Your first example should probably be vec4 color = mix( drawA(), drawB(), color.w );.

Shaders behave differently compared to programs run on a CPU, which is why sometimes their performance is counter intuitive. Conditionals can really devastate execution speed. The reason for this is that shader programs are run in parallel on several fragments (pixels) at the same time. Not only that, but they also run in lock-step.

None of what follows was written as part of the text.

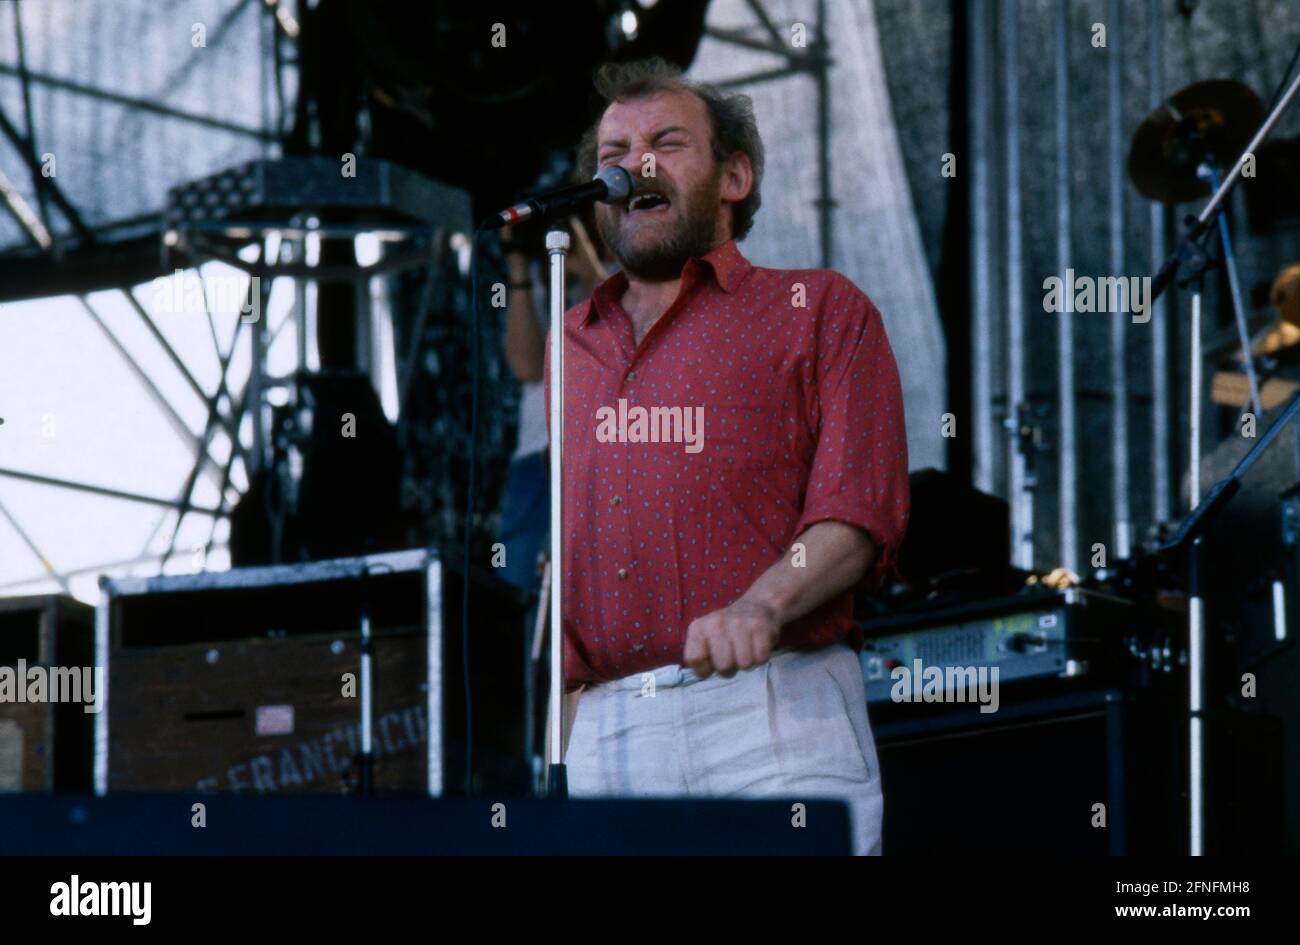 Joe Cocker, britischer Rock und Blues Sänger, bei einem Konzert, 1987. Joe Cocker, British Rock and Blues singer, on stage, 1987. Stock Photo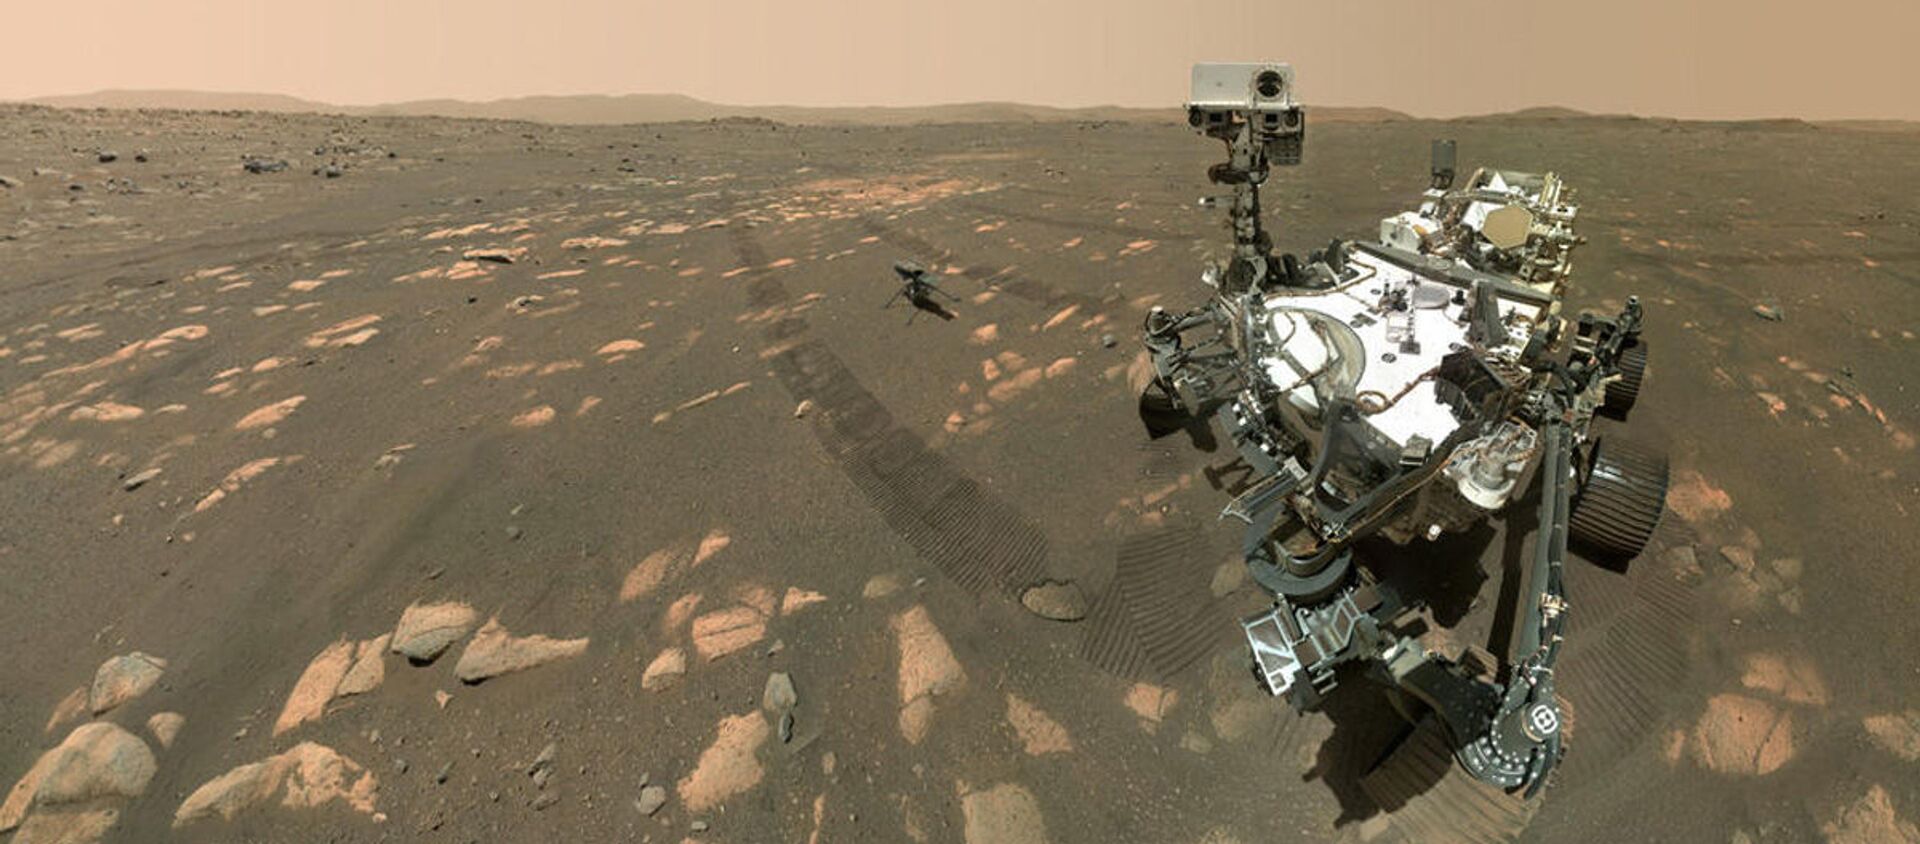 مریخ نورد آمریکایی توانست از جو مریخ اکسیژن استخراج کند - اسپوتنیک ایران  , 1920, 22.04.2021

When a program is executed, a program counter keeps track of where in the code we are. On a CPU, each thread has its own program counter and so the code can be run independently of other threads. On a GPU, however, groups of fragments (usually 4) share the same program counter. So when the shader code is executed, all the group’s fragments have to execute the same code at the same time. If one fragment wants to execute drawA() and the other fragments drawB(), both are executed in sequence and the undesired result is simply thrown away (very similar to the mix statement in your example). So if each side of the if statement takes the same amount of time, performance will be twice as slow and the if-statement didn’t help at all.

For-loops require a jump-instruction, resetting the program counter. This is potentially an expensive operation (probably due to caching). So compilers usually unroll the loop and simply copy the inner code a few times. In HLSL you can even supply hints for the compiler.

The only way to know if changes to your code will result in better performance is to test it.